Configuration options

The Python interface allows you to pass options directly to HTML Tidy. For a complete list of options, see the HTML Tidy Configuration Options Quick Reference or, from the command line, run tidy -help-config.

This module sets certain default options, as follows:

BASE_OPTIONS = {
    "output-xhtml": 1,     # XHTML instead of HTML4
    "indent": 1,           # Pretty; not too much of a performance hit
    "tidy-mark": 0,        # No tidy meta tag in output
    "wrap": 0,             # No wrapping
    "alt-text": "",        # Help ensure validation
    "doctype": 'strict',   # Little sense in transitional for tool-generated markup...
    "force-output": 1,     # May not get what you expect but you will get something
    }

If you do not like these options to be set for you, do the following after importing tidylib:

tidylib.BASE_OPTIONS = {}

Function reference

tidylib.tidy_document(text, options=None, keep_doc=False)

Run a string with markup through Tidy and return the entire document.

text (str): The markup, which may be anything from an empty string to a complete XHTML document. Unicode values are supported; they will be encoded as utf-8, and tidylib’s output will be decoded back to a unicode object.

options (dict): Options passed directly to tidylib; see the tidylib docs or run tidy -help-config from the command line.

keep_doc (boolean): If True, store 1 document object per thread and re-use it, for a slight performance boost especially when tidying very large numbers of very short documents.

-> (str, str): The tidied markup [0] and warning/error messages[1]. Warnings and errors are returned just as tidylib returns them.

tidylib.tidy_fragment(text, options=None, keep_doc=False)
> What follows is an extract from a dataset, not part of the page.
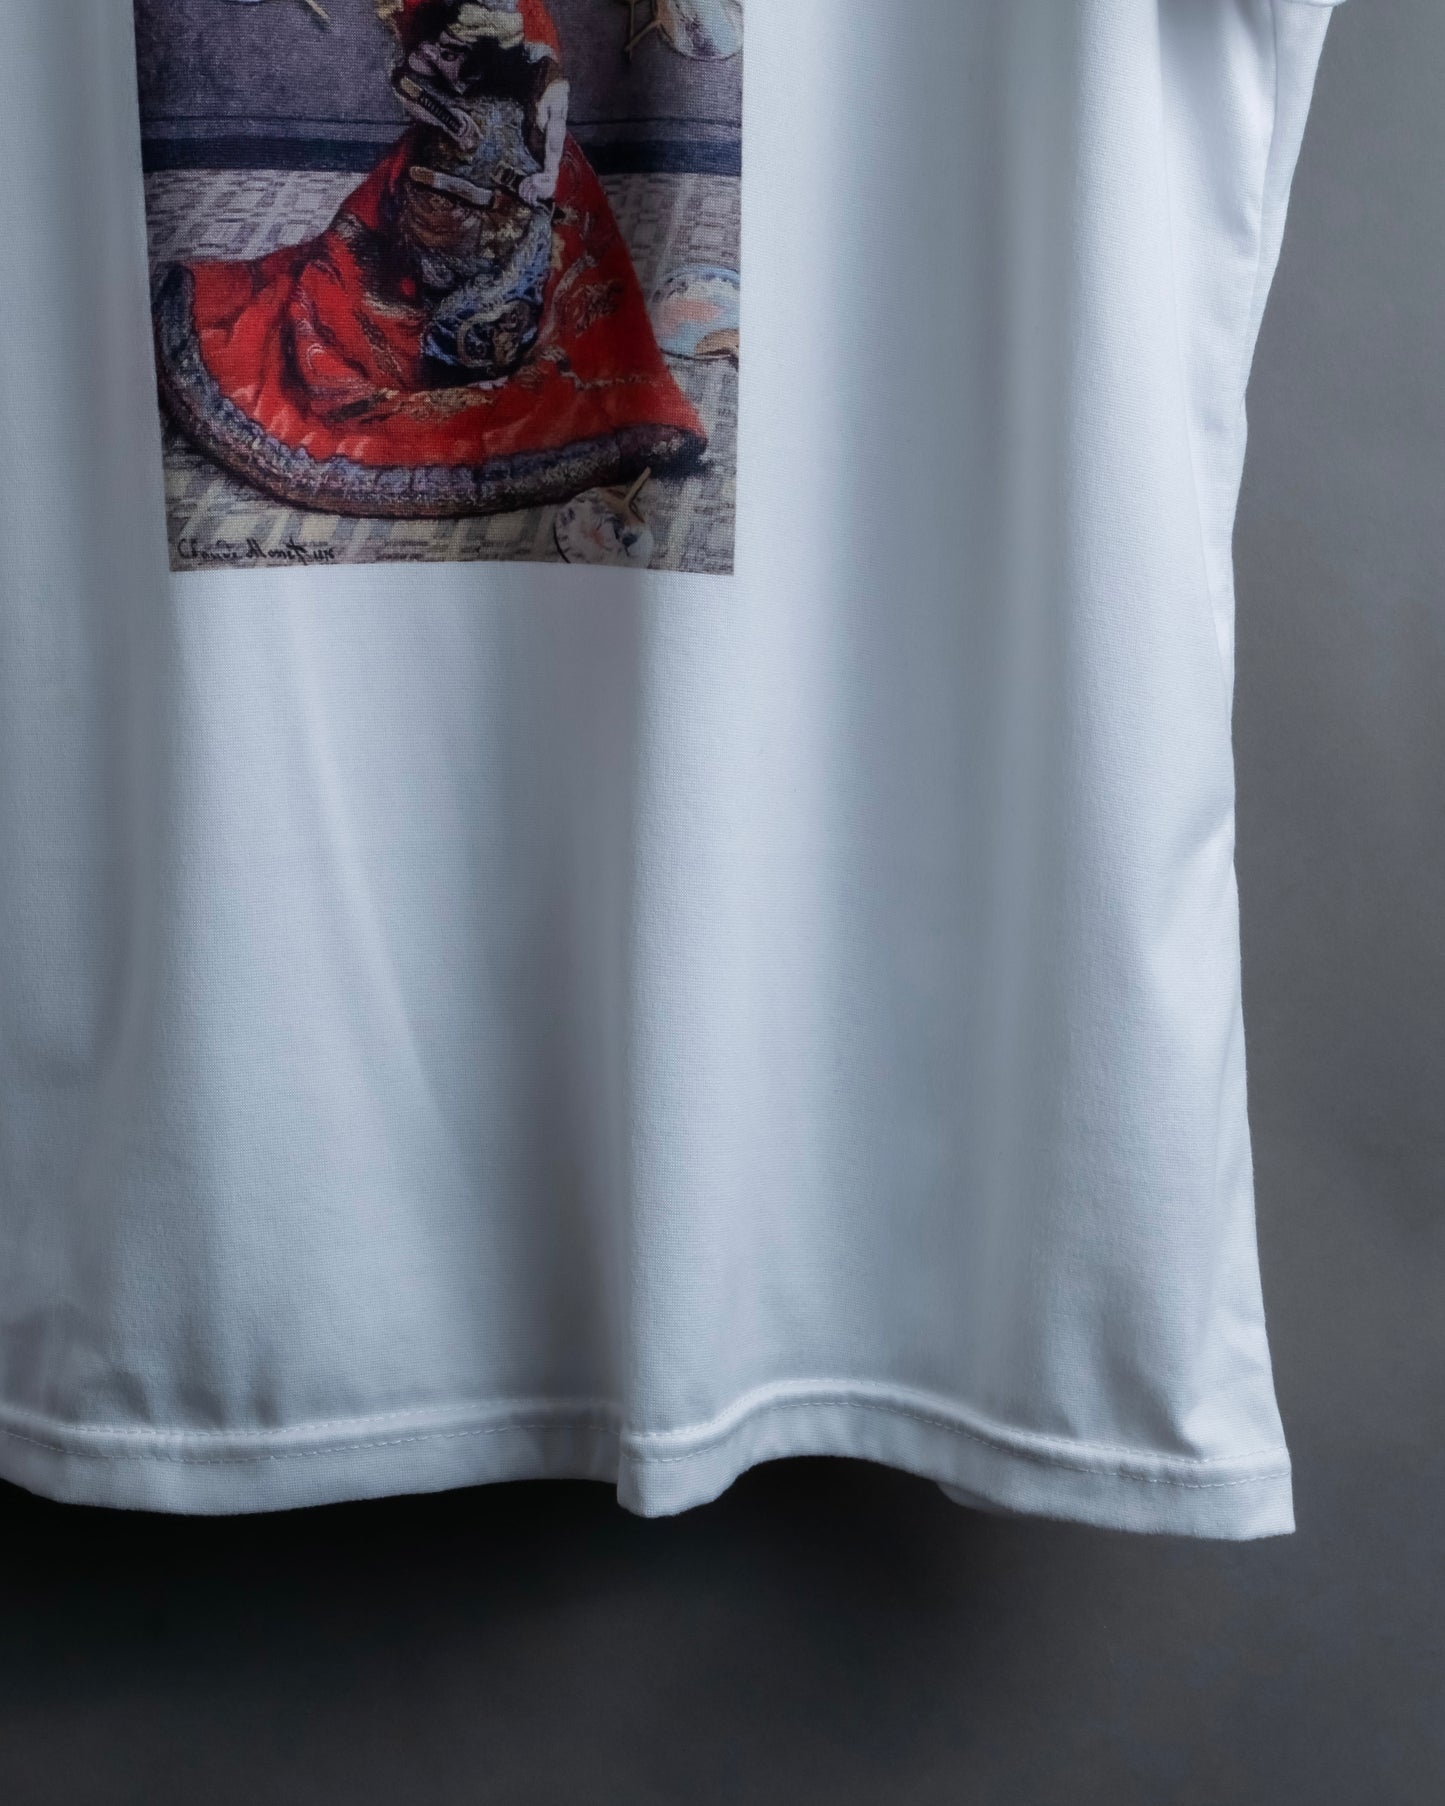 “Vintage” Claude Monet painting printed T shirt

Tidy a string with markup and return it without the rest of the document. Tidy normally returns a full XHTML document; this function returns only the contents of the <body> element and is meant to be used for snippets. Calling tidy_fragment on elements that don’t go in the <body>, like <title>, will produce odd behavior.

Arguments and return value as tidy_document. Note that tidy will always complain about the lack of a doctype and <title> element in fragments, and these errors are not stripped out for you.

tidylib.release_tidy_doc()
Release the stored document object in the current thread. Only useful if you have called tidy_document or tidy_fragament with keep_doc=True.